Ok, here's a question for you old-time steam experts out there. When did locomotive builders, railroads, etc. begin installing a deck plate at the back of locomotive cabs? It seems that the older engines I've seen do not have them, but by the time of steel cabs they were standard equipment. Also, would older engines hae been retrofitted, or would they remain unadorned until the end of their days?


----------



## james brodie (Mar 28, 2008)

Dear Sir, What is a tender deck plate please? 
Jim brodie.


----------



## peter bunce (Dec 29, 2007)

Hi Jim, 

The tender deck plate is a (generally) slightly curved plate that is fixed to the back of the cab footplate, and is pivoted – this plate fills the gap between the cab and tender, and rests of top of the front plate of the tender. Early ones were almost flat: I wonder if the were sometimes caught on the tender, or perhaps the edges of the firemans boots did? 

It will stop the fireman getting his boot caught in the gap which changes in size as the loco and tender move, for instance on curves but they can do it on straights as well! 

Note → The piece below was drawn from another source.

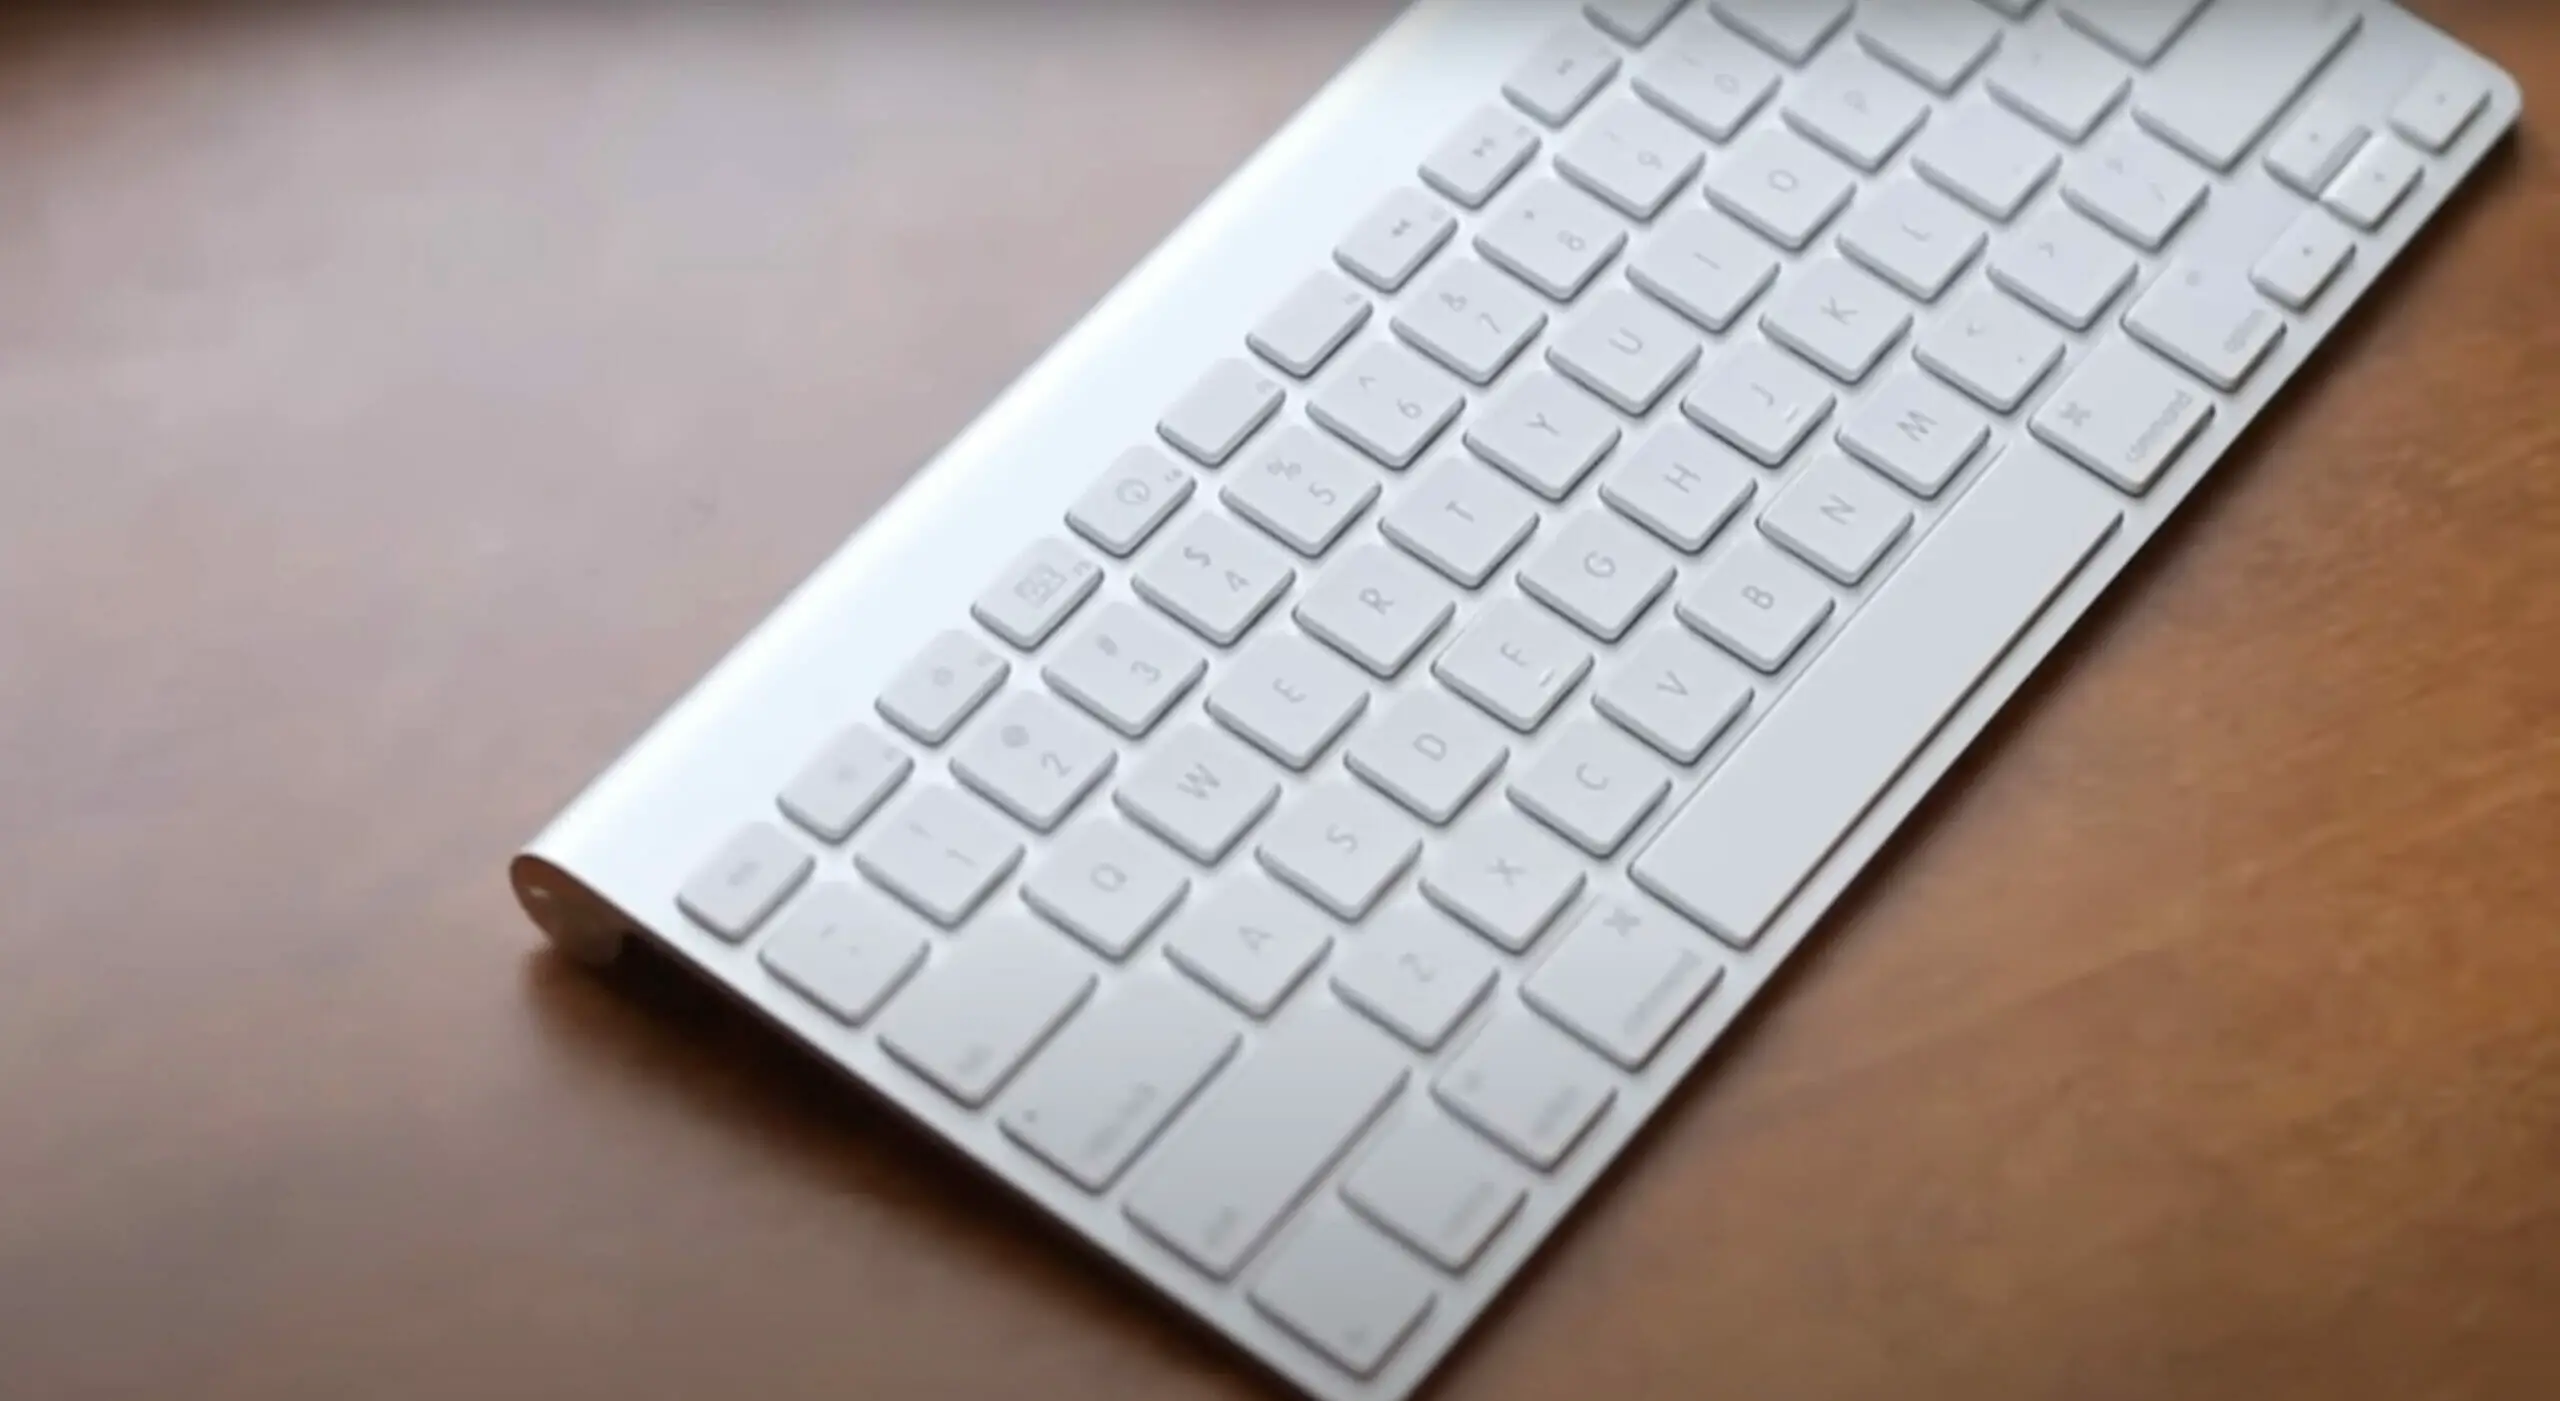 apple wireless bluetooth keyboard

Here in the UK they were in use from 1870 or so (from photos). 

Looking carefully in the book on Baldwin Locomotives I think there is one on a wood cabbed consolidation from 1881. They are difficult to see with your narrow american style cabs (depressed centers, which were on top, or possibly below the top edges with some loco's, of the bar frames, with higher sides above the driving wheels ), as the rear support brackets get in the way of seeing them!

Cabs like this I think would have had a narrow version of them, possibly slightly wider the the depresses center: though I am not sure. Rear photos of the cabs are a bit 'thin on the ground'.


----------



## james brodie (Mar 28, 2008)

Dear Peter, The term is "fall plate" and as you say hinged onto the loco cab footplat and rose and fell as the tende moved about. yes the fireman sometimes lost the heel on his boots if he got caught in an open part. The edge towards the tender had recesses to allow for movement so as not to bind on the tender handbrake or waterscoop handle. Sometimes when we went into collieries with tight curves we would hold the "fall plate up to prevent it getting buckled. Another use for this plate, it prevented coal from the tender shovelling chute falling down onto the track. 
For the young diesel gentemen the firemans job description could be -manual fuel transferer ! 
Jim Brodie potential steam engine cleaner.


----------



## Chris France (Jan 3, 2008)

Whether they were retrofitted or not I do not know, but I know we have engines at the B&O museum that date back to 1848 (the Memnon) that have deck plates. The Lafayette replica (1927 copy of an 1837 loco) also has one, whether this was copied from the original or not, I do not know. When I was at the throttle of the William Mason a few years back my fireman did get his heel caught by the deck plate in a tight curve. No injuries, but it can be a tad unnerving.


----------



## Torby (Jan 2, 2008)

I imagine they came into use when somebody related to somebody significant had an accident.


----------